The equation `x^(3) - 3x + 1 = 0` has

To determine the roots of the equation \( x^3 - 3x + 1 = 0 \) and to find out if it has roots in the specified intervals, we can use the Intermediate Value Theorem. This theorem states that if a continuous function changes signs over an interval, then there is at least one root in that interval. ### Step-by-Step Solution: 1. **Define the function**: Let \( f(x) = x^3 - 3x + 1 \). 2. **Evaluate the function at the endpoints of the intervals**: - For the interval \([-1, 0]\): - Calculate \( f(-1) \): \[ f(-1) = (-1)^3 - 3(-1) + 1 = -1 + 3 + 1 = 3 \] - Calculate \( f(0) \): \[ f(0) = (0)^3 - 3(0) + 1 = 1 \] - Since \( f(-1) = 3 \) and \( f(0) = 1 \), both values are positive.
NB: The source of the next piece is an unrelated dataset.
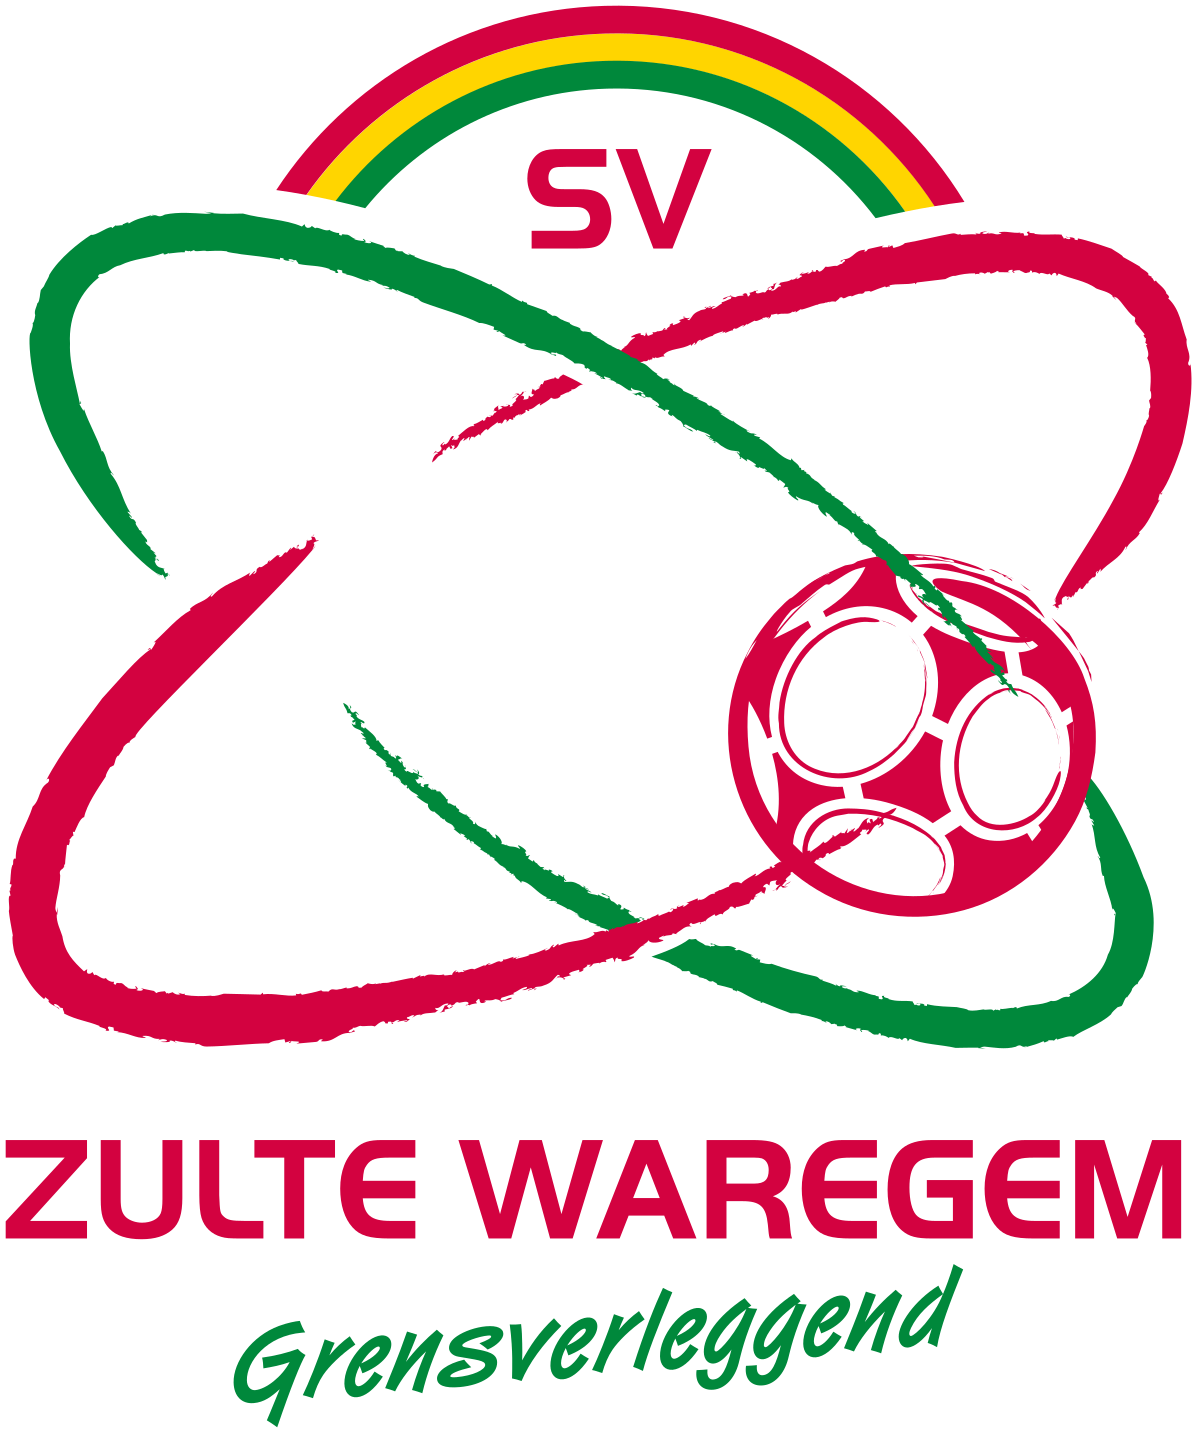 Zulte-Waregem-2 logo

Thus, there is no root in the interval \([-1, 0]\). 3. **Check the interval \([0, 1]\)**: - Calculate \( f(1) \): \[ f(1) = (1)^3 - 3(1) + 1 = 1 - 3 + 1 = -1 \] - We have \( f(0) = 1 \) (positive) and \( f(1) = -1 \) (negative). Since the function changes sign, there is at least one root in the interval \([0, 1]\). 4. **Check the interval \([-1, 1]\)**: - We already know \( f(-1) = 3 \) (positive) and \( f(1) = -1 \) (negative). Since the function changes sign, there is at least one root in the interval \([-1, 1]\). 5. **Determine the number of roots**: - To find the total number of roots, we can check the derivative \( f'(x) \): \[ f'(x) = 3x^2 - 3 = 3(x^2 - 1) = 3(x - 1)(x + 1) \] - The critical points are \( x = -1 \) and \( x = 1 \). - Evaluating \( f(x) \) at these points, we find: - \( f(-1) = 3 \) (local maximum) - \( f(1) = -1 \) (local minimum) - Since \( f(x) \) goes from positive to negative, and the behavior of the cubic function indicates that there are three roots in total, we conclude that there are at least two roots in the interval \([-1, 1]\). ### Conclusion: The equation \( x^3 - 3x + 1 = 0 \) has at least one root in the interval \([0, 1]\) and at least two roots in the interval \([-1, 1]\).